# Horse bald patches?



## laddieisthebest (Feb 17, 2010)

Hey everyone ! 
I've noticed today, that my friends horse has bald patches on her head/face (and my friend had not noticed). It's worse around the eyes, ears and muzzle. It has been bleeding but its now scabbed over. We have no idea how long its been there. They are fairly large, with no sign of hair growing back. It is over all the face, and it it still showing signs of hair continuing to be lost - it hasnt stopped. The other horse in the feild has very small patches of hair loss, and I am concerned that these will get bigger too. 
Has anyone got any ideas what this may be , whether it is serious or not & what we should do ? Thankyou.


----------



## Baby British (Jan 24, 2010)

I don't keep horses myself but it sounds like it might be ringworm.
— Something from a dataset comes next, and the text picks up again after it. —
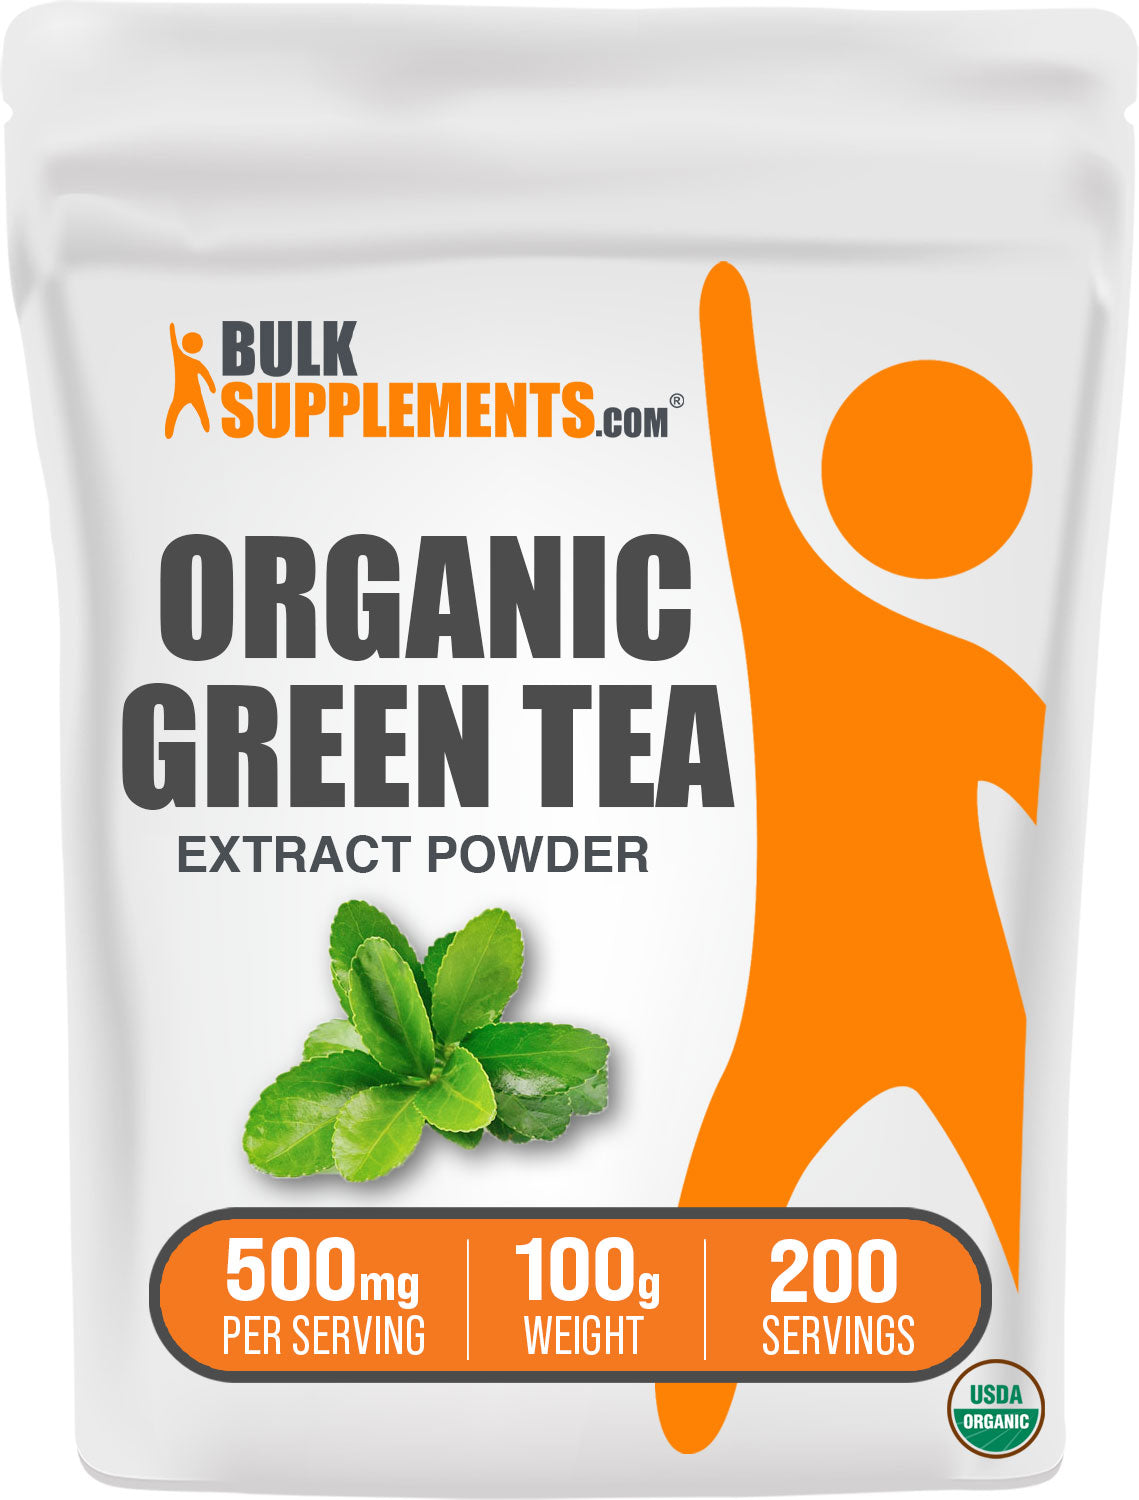 BulkSupplements.com Organic green tea extract powder 100g bag
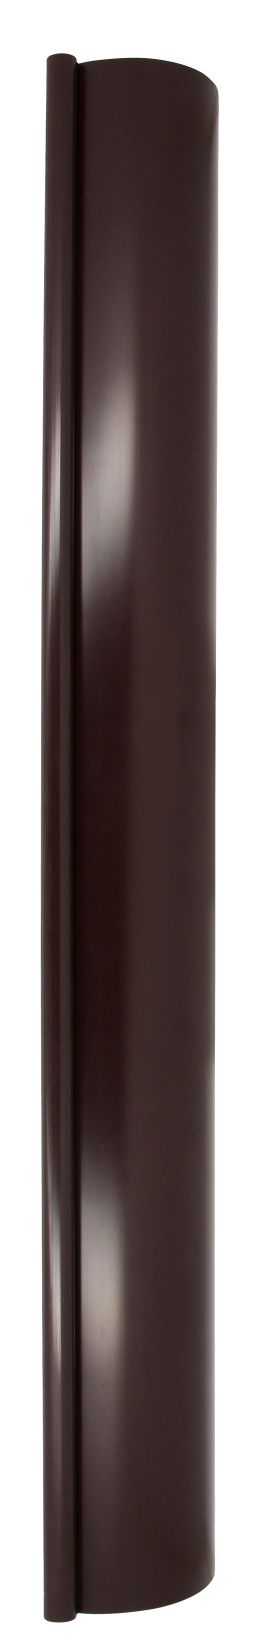 Profile de gouttiere de type 25 en 2 metre marron

Does it look anything like the horse on this link "+""+enc(b)+"");c.close();a.frameSaving= It might be worth getting a vet to have a look and rule it out.


----------



## Freyja (Jun 28, 2008)

Sounds like ringworm to me. Your friends need to get the vet to check it out. I think they do a scrap or something to find out what it is. 

I think it is easily treatable with washes I remember years ago when I worked at the riding school some cows had it.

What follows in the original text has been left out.